As of October 2025, Croatia Airlines had received seven A220s, short of what it had planned to induct by this point in the year, and it now expects additional aircraft to arrive in 2026 and beyond. The company said the shifting handover calendar has made it harder to retire older jets and turboprops, staff crews efficiently, and launch new routes as planned. It confirmed that
“the delivery schedule for Croatia Airlines’ new Airbus A220s has already been postponed multiple times by the manufacturer. Further delays for 2025 were announced earlier this year, adding another layer of uncertainty that complicates operational planning and exposes the company to increased costs.”
The airline’s management added the schedule uncertainty has ripple effects across operations.
The central financial picture is stark. For January through September 2025, the airline booked a net loss of €20.9 million, up from roughly €20 million for all of 2024, as transition costs swelled. Management said operating losses more than doubled from a year earlier. Revenue did rise to €227 million in the nine-month period, but higher income could not offset the cash outflow tied to A220 deliveries slipping and the knock-on effects across maintenance, leasing, and crew training.

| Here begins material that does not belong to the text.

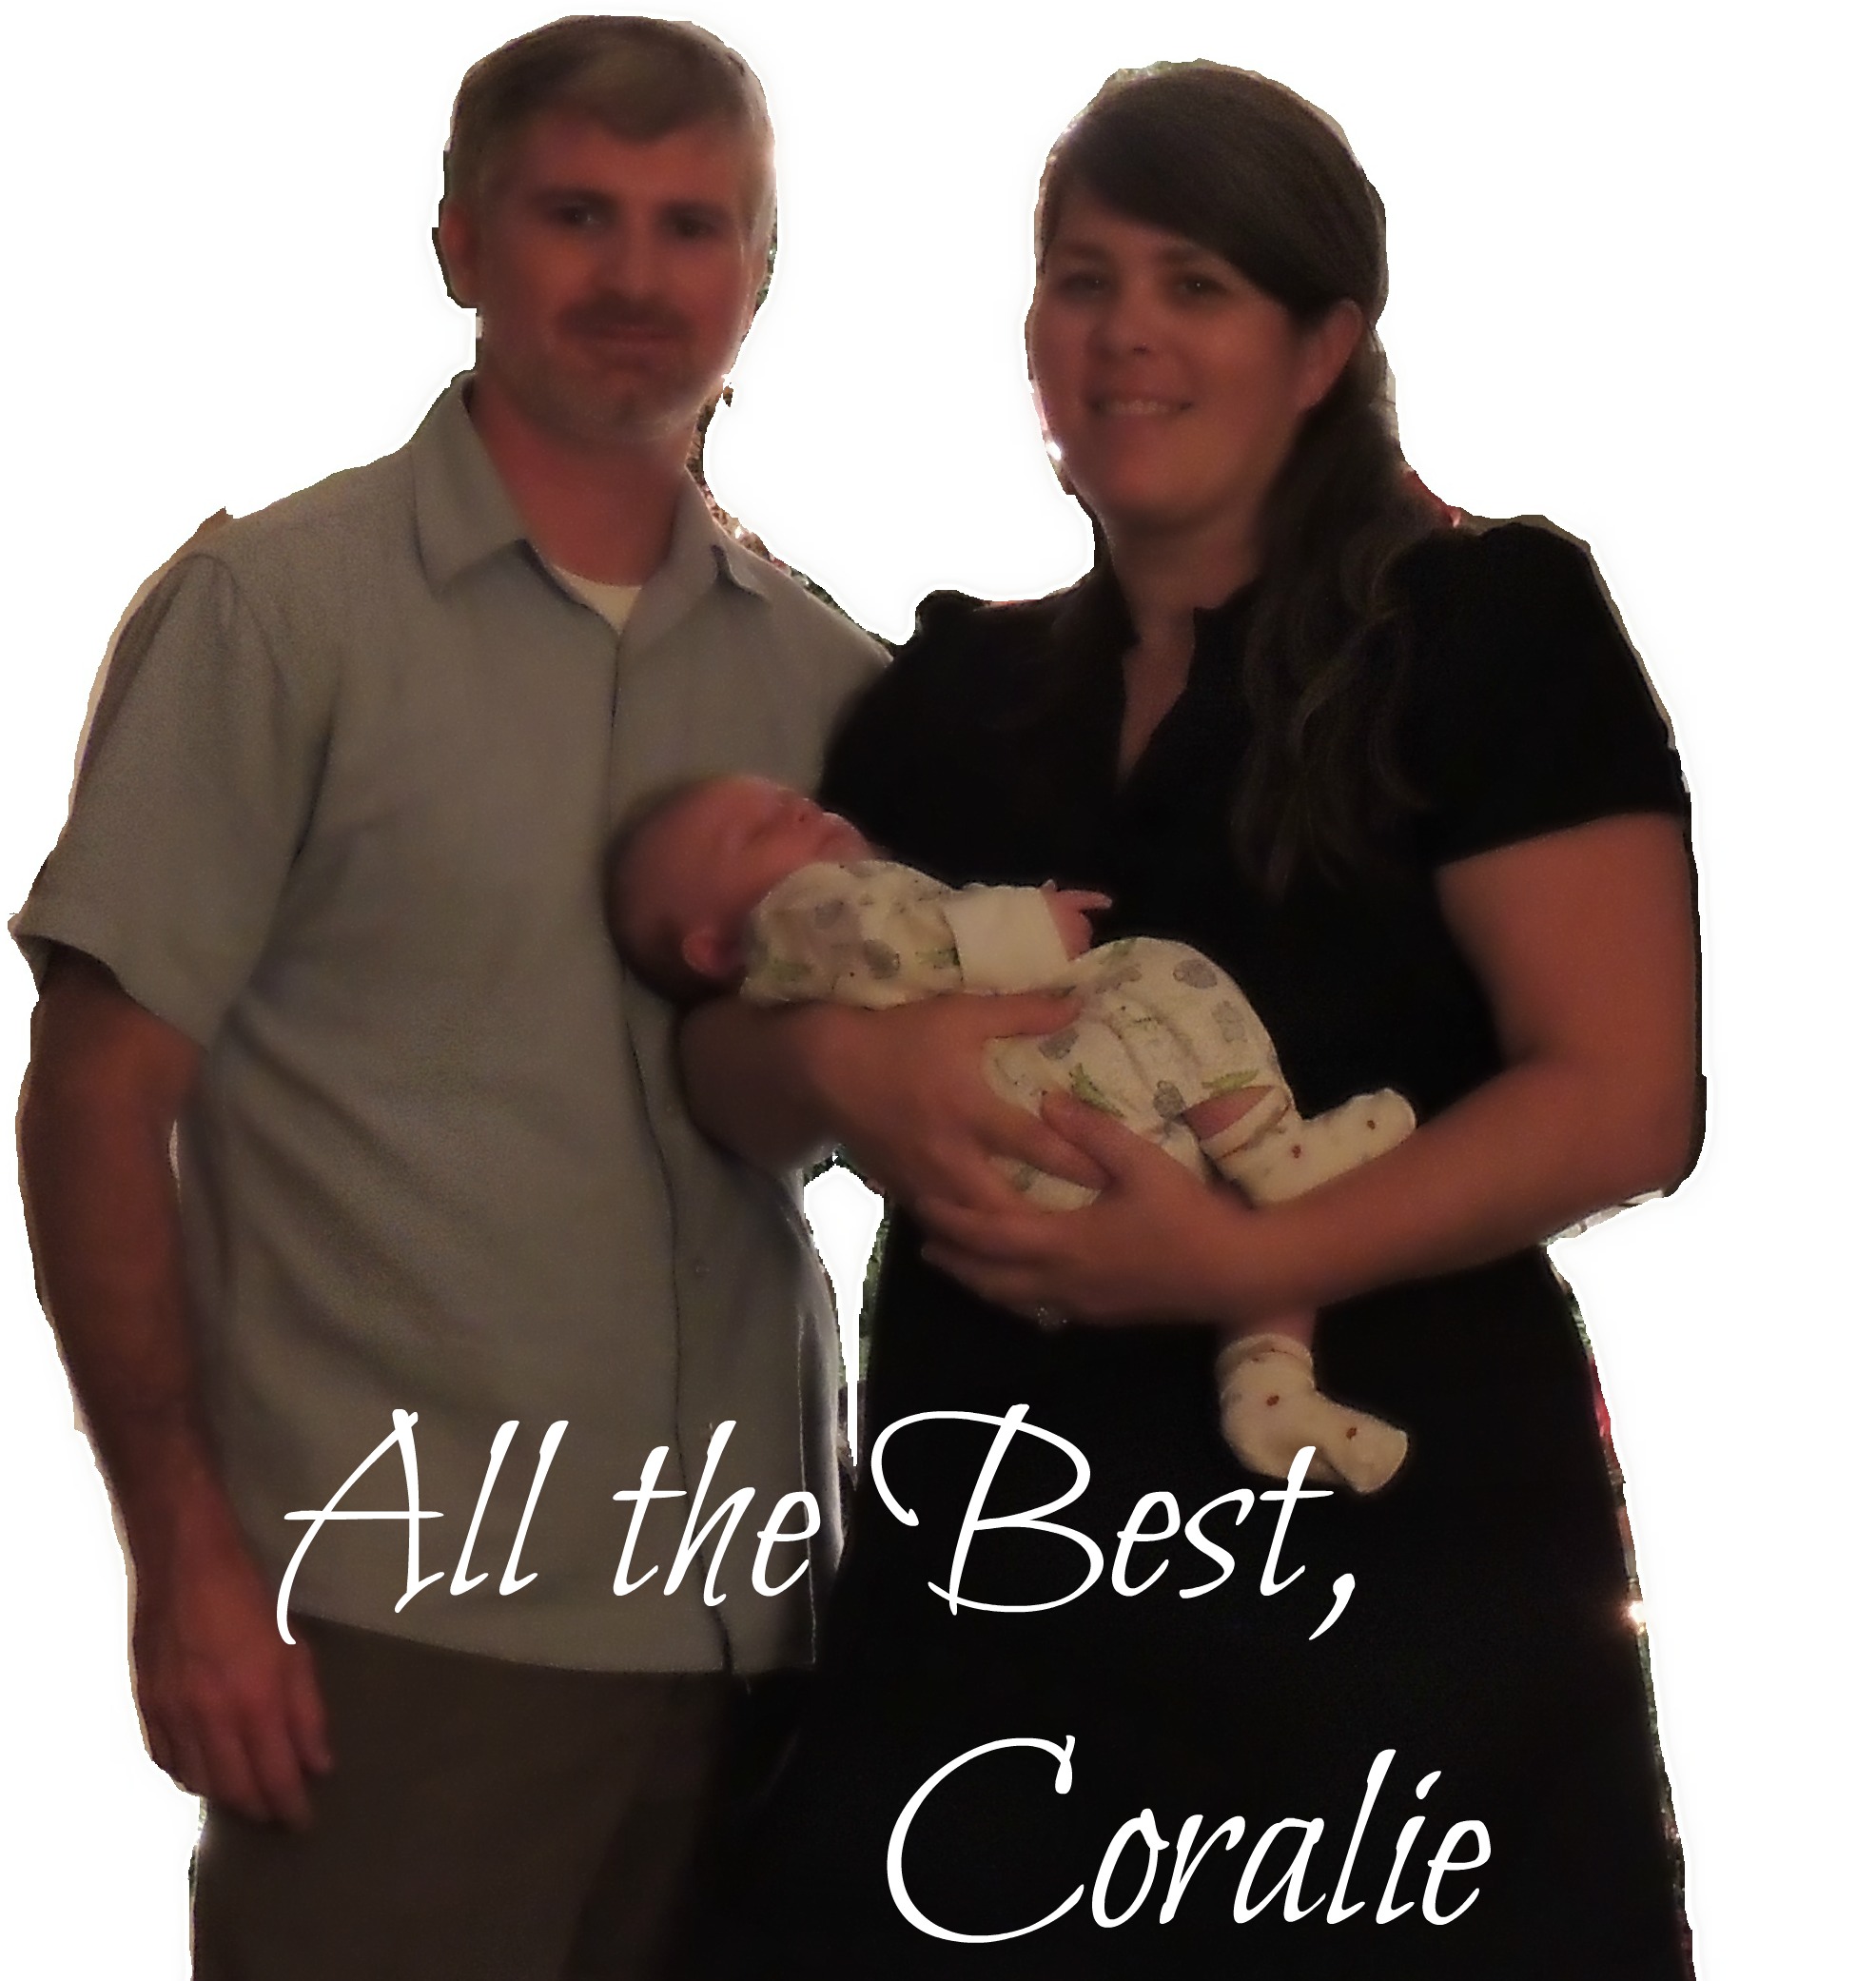 All the Best, Coralie
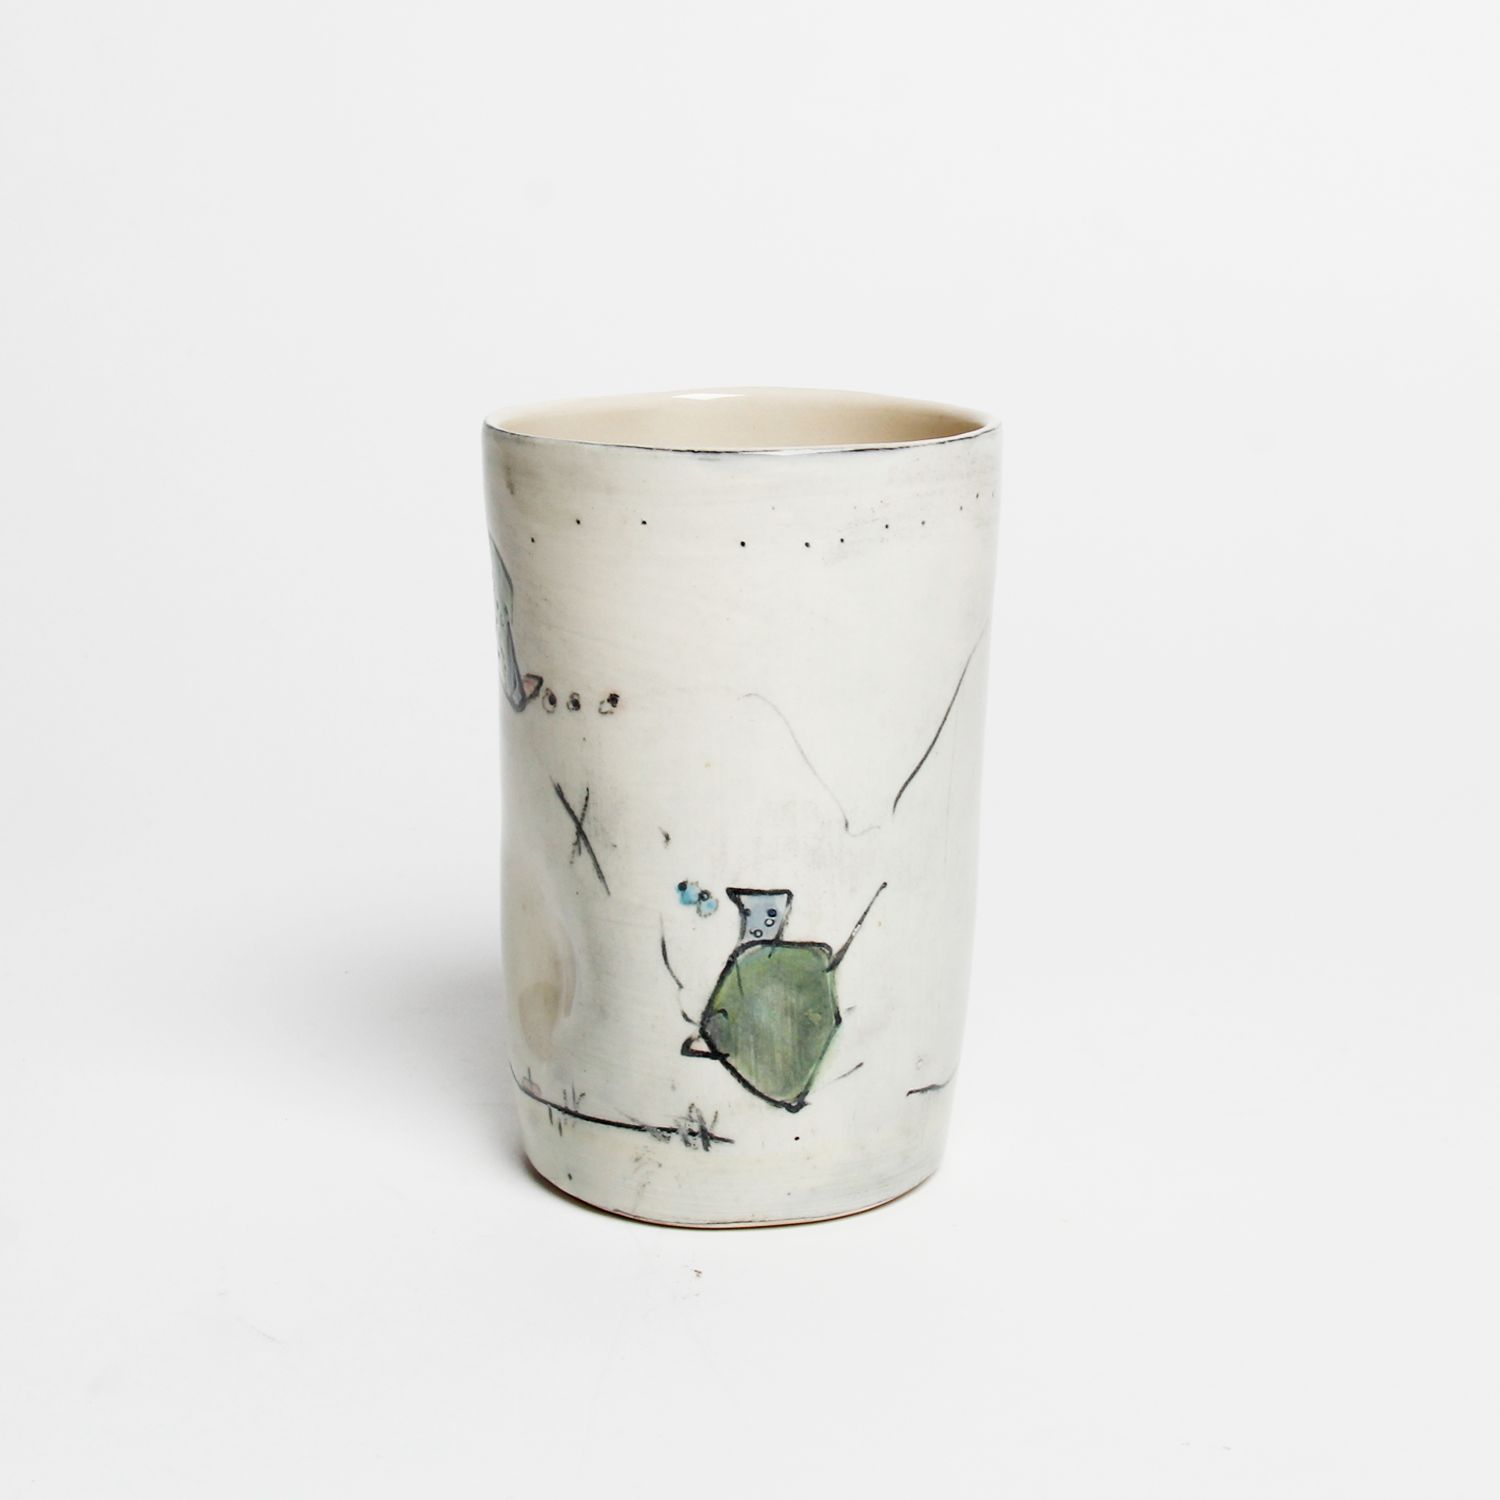 Stephen Hawes: Tall Cup Product Image 1 of 4

The combined pressures helped drag the carrier’s bottom line deeper into the red even with a busier summer and higher yields on some routes.
A core problem, executives say, is being forced to pay on two tracks at once: holding onto legacy aircraft longer while also funding the introduction of the new fleet. The airline said it had to keep paying leases on outgoing planes, including two De Havilland Dash 8-400s, because supply chain and maintenance backlogs blocked timely redeliveries to lessors.
“Croatia Airlines is paying the lease for these aircraft to the owner until the aircraft are handed over…which is a significant additional unplanned cost caused by the crisis in the aviation supply chain,” the company stated.
Those payments come on top of costs for the A220 program itself, and the mismatch has extended for months as aircraft acceptance and return checks stack up in a congested maintenance market.
To keep its schedule intact and protect airport slots while waiting on A220 deliveries, Croatia Airlines turned to short-term wet-leasing, hiring aircraft and crews from other operators at premium rates. In 2024, it paid €10.9 million to wet-lease two Airbus A320-family aircraft, bridging gaps in the roster to run summer flights and keep customer disruption in check. While that move preserved connections and helped sustain market presence, the spend fed into the rising net loss and left less headroom to absorb further delivery slips.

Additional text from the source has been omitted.